Less than 6kms from Navan and conveniently located between the N3 and the River Blackwater, Bachelor's Lodge, together with some 190 acres of surrounding land, is being offered for sale by private treaty through joint agents HOK Country and Smith Harrington with a guide of €5 million-plus.
No one seems quite sure about how the place acquired its distinctive name. On a map of 1805, it already has the monicker, along with the townland title Scallionstown.
Two-hundred years ago, the estate appears to have been jointly owned by absentee landlord the Earl of Essex and Lord Henry FitzGerald, son of the first Duke of Leinster and brother of Lord Edward. The main house dates back further, to the third decade of the 18th century and was probably built by a previous Earl of Essex as a hunting lodge.
Its three-bay, two-storey front is deceptively modest, the property's substantial interior proportions only indicated by a semi-circular window piercing the central eaves pediment.
The original entrance doorway is now concealed behind a late-19th century porch. This leads to a particularly handsome hall with a Tuscan order staircase climbing three storeys.

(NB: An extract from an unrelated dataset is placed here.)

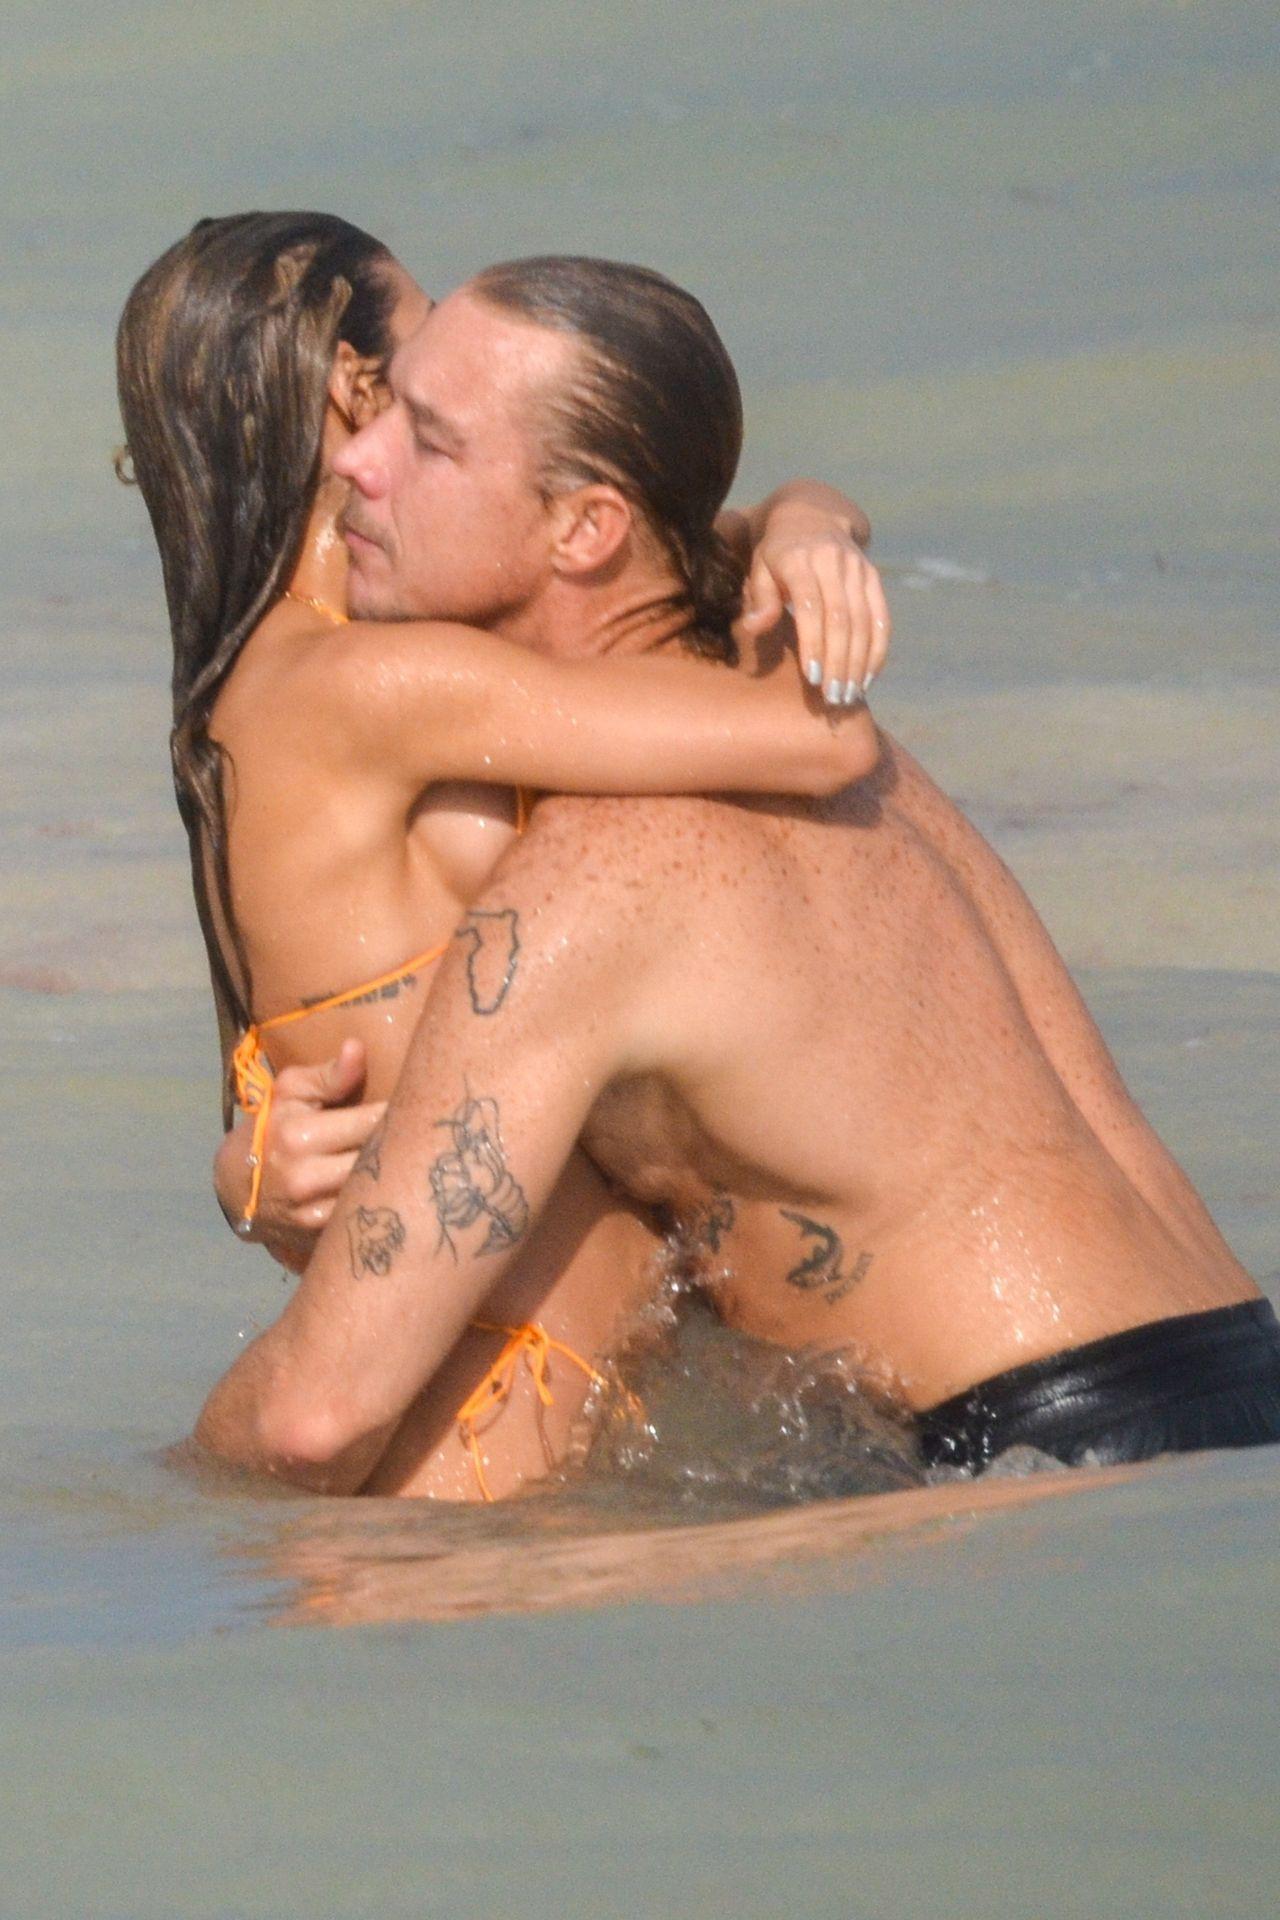 Chantel Jeffries And Dj Diplo Take Their New Love To Mexico 0033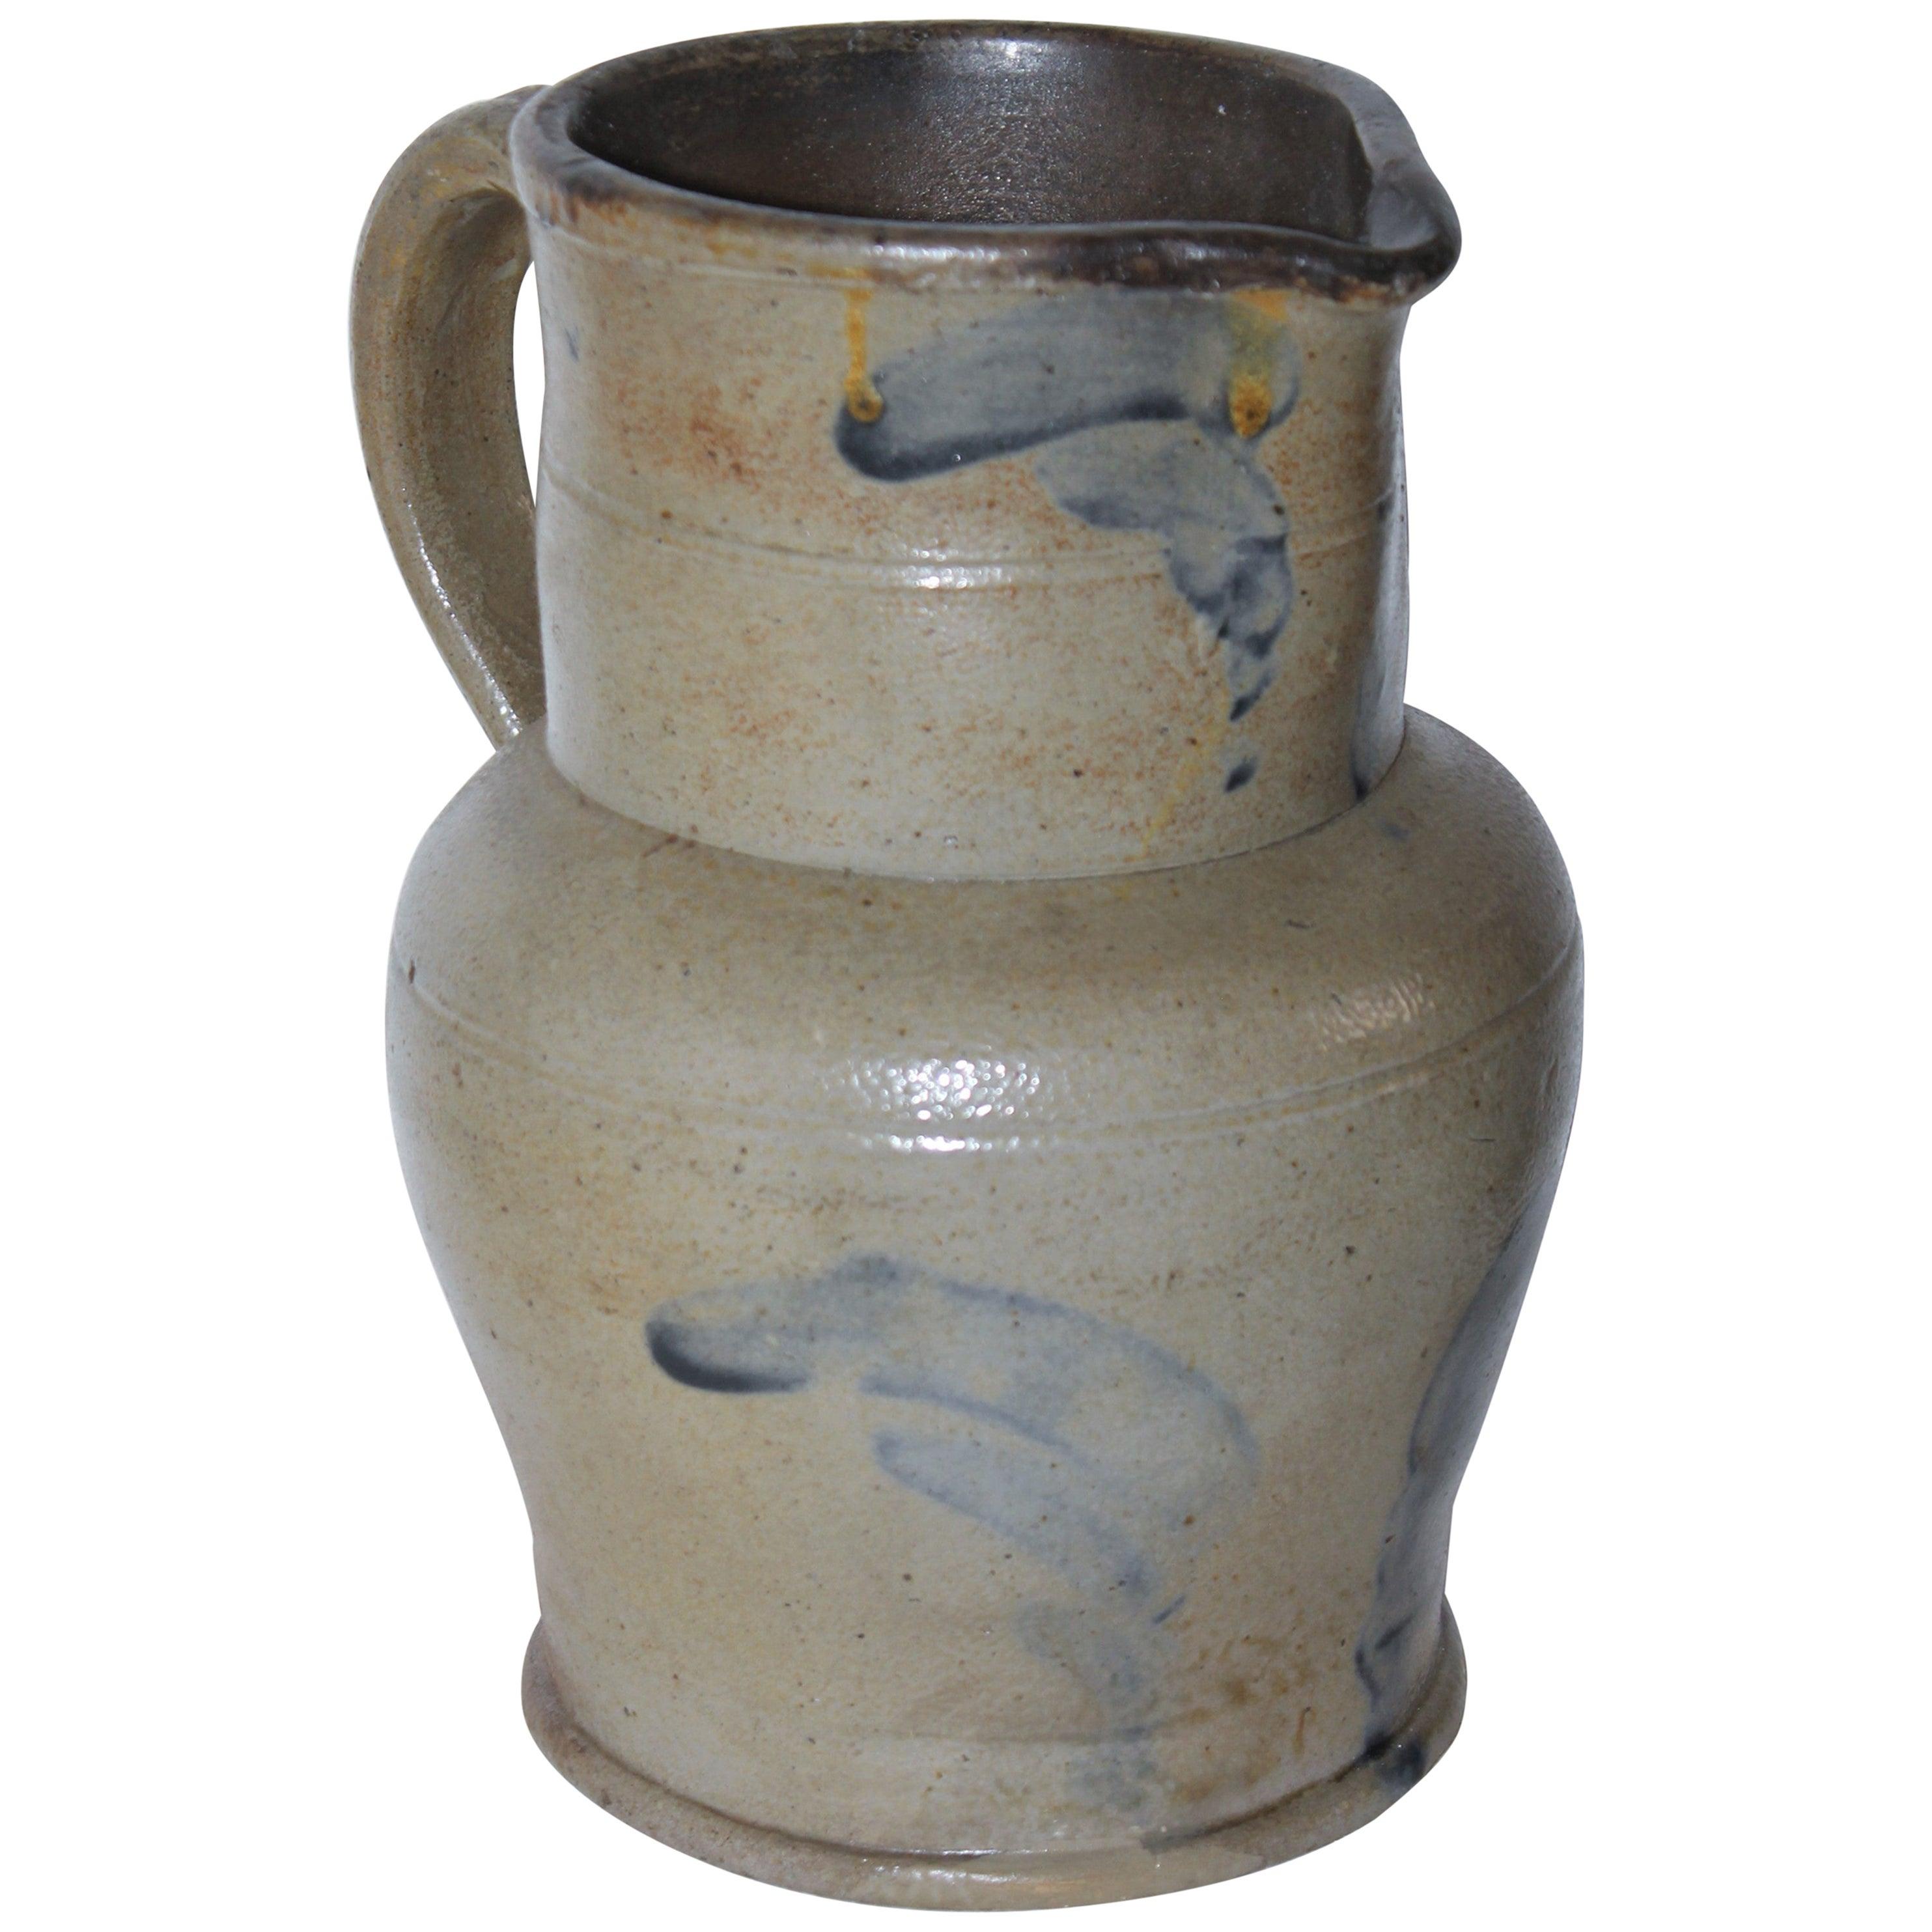 19thc Rare Small Decorated Stoneware Pitcher

All the principal rooms seem to have been reordered in the Victorian era when the present plate glass windows and marble chimneypieces were installed, although the panelled doors and plaster cornice in the drawingroom look to be from the 1760s.
There are a number of more recent but sympathetic extensions to the rear, containing the present kitchen and various storage and utility rooms.
Upstairs, spread over two floors, are eight large bedrooms and two bathrooms; the next owner will no doubt wish to reconfigure this arrangement but want to keep the charming cast-iron chimneypieces found everywhere upstairs. At the back, the main yard holds a long range of single- and two-storey slate-roofed stone buildings with doors and windows edged in brick. Beyond them lie two further yards. For many years Bachelor's Lodge was a stud farm but during the past decade it has been run as an equestrian centre, hence the old walled garden has been turned into an all-weather sand arena and abundant stables. But this business does not intrude on the character of the house or its immediate grounds: those to the front conclude in a protective shelter of mature trees.
The long avenue leading from the N3 begins with fine gates and a recently restored and extended two-bedroom lodge. Ideally, after changing hands, Bachelor's Lodge will continue to be a family home because that seems to suit it best. Unless he's contemplating imminent marriage, the place is certainly much too large for a bachelor.